Bangladesh: Righting historical wrongs

Will addressing Bangladesh’s past struggle for independence serve to heal historical wounds or just erode its stability?

A war crimes tribunal in Bangladesh is stirring up memories of the country’s painful split from Pakistan in 1971, during which anywhere up to three million people are thought to have been raped, tortured and murdered.

It is a dark chapter in the history of the two countries, which has never been fully addressed. And now the lingering anger is playing out on the streets of the Bangladeshi capital, Dhaka, with days of rioting, soldiers on the streets, calls for a national strike – and a rising death toll.

Members of the Islamic opposition Jamaat-e-Islami are on trial, and potentially facing the death sentence. The party had campaigned against independence from Pakistan, but deny committing any atrocities during the war.

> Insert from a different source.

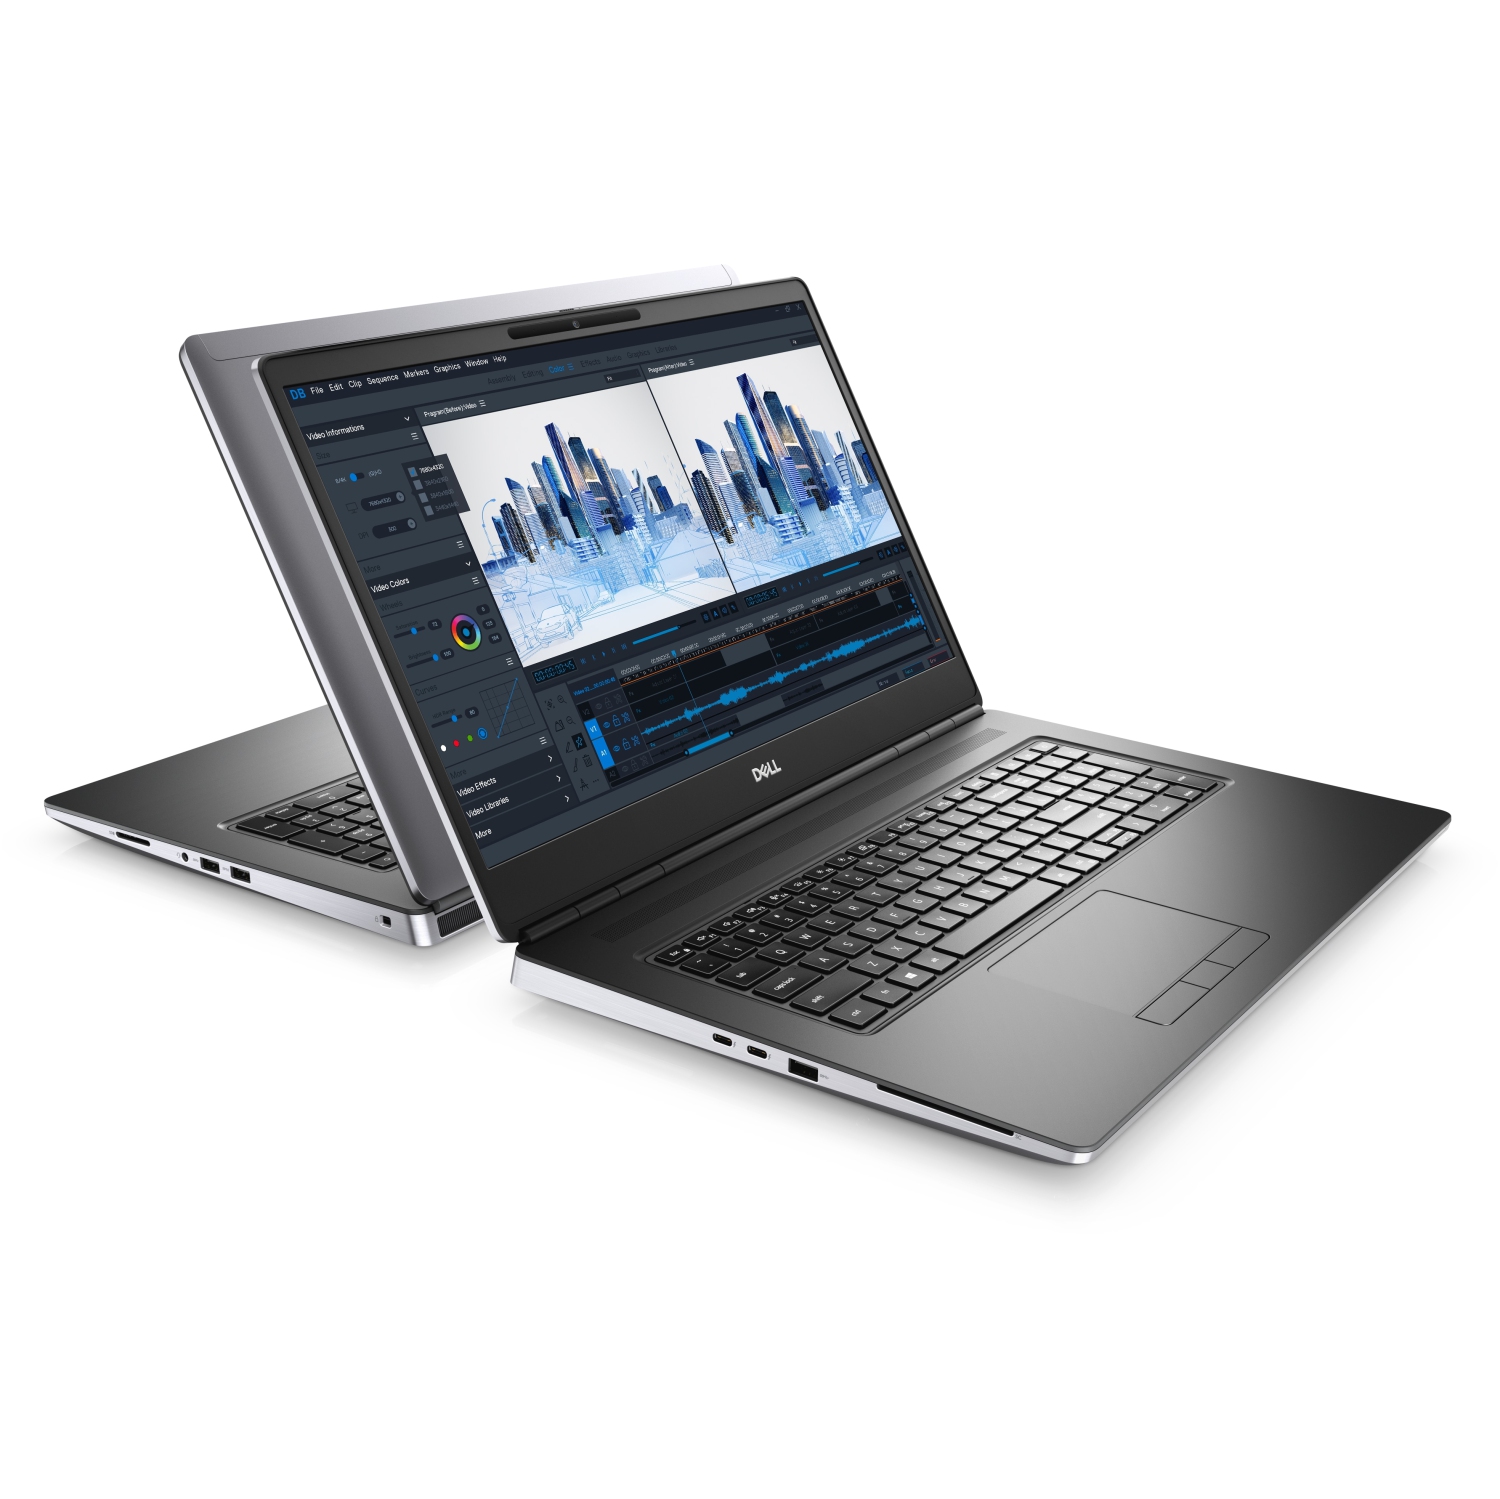 Refurbished (Excellent) - Dell Precision 7000 7760 Workstation Laptop (2021), 17.3" FHD, Core i9, 512GB SSD, 32GB RAM, RTX A5000, 5 GHz, 11th Gen CPU Certified

The nine-month long war was the climax of tensions between Bangladeshi nationalists and the Pakistani army. Eventually the Indian army intervened on the side of the Bangladeshi nationalists.

Bangladesh says three million people were killed during the conflict; Pakistan says the number was much lower.

In the four decades since the war, the country’s turbulent politics and repeated military coups have stood in the way of the delivery of justice. But when the Awami League, headed by Sheikh Hasina, won the 2008 national elections, setting up a war crimes tribunal was a large part of its campaign.

Established in 2010, the tribunal is trying 12 men for crimes against humanity. That they are mostly from Jamaat-e-Islami, which is strongly opposed to Hasina’s government, has drawn accusations that the trials are a politically convenient way of getting rid of opposition leaders.

The tribunal has been plagued by accusations of foul play and government influence, but the country’s opinion is divided. When Abdul Qader Molla, one of the leaders of Jamaat-e-Islami, was sentenced to life in prison rather than death, hundreds of thousands of people protested to demand that he be hanged.

But last week’s announcement that another Jamaat-e-Islami leader will be executed, led to further protests – this time by supporters of those on trial.

As more sentences are announced, the violence is likely to continue.

So, why are these trials taking place now? Can the country right these historical wrongs – and at what cost to its unity?

Inside Story, with presenter Jane Dutton, speaks to: Salman al-Azami, the son of former Jamaat-e-Islam leader Ghulum Azam, who is one of those standing trial; and Tridib Deb, the co-chairman of the Bangabandhu Lawyers Council, a group named after the former head of the Awami League and first president of Bangladesh, and father of the current Prime Minister Sheikh Hasina.

Source: Al Jazeera


  1. The lawlessness on the streets today is but a fraction of the violence and brutality perpetrated by hooligans of the Awami League on Non-Bengalis in 1971.

  2. I agree. If we want to cleanse ourselves as a civilized nation, all atrocities must be accounted for. Otherwise, it will haunt us for all times to come. We are a very violent and ruthless race. We drop crocodile tears talking about the language movement where 5 people got killed. Now we are singing and dancing in the Shahbagh Chottor. Just last week we killed 100 persons and debilitated 2000 more. Besides, kicking, beating and shooting like Wild West, AL workers were busy throwing cocktails to instigate and make it look like as if BNP or Jammat workers were doing it. It was all too well pre planned by the AL leadership with total help of RAW, under the leadership of a criminal like Mohiuddin Khan Alamgir (current home minister). I do not understand why he is not tried as a war criminal? He should be in jail immediately. He was a very high official under Pakistani regime till the last day of their surrender. Thousands of Al-badar and Razakars worked right under his nose and with his orders. They were only foot soldiers while he was a DC.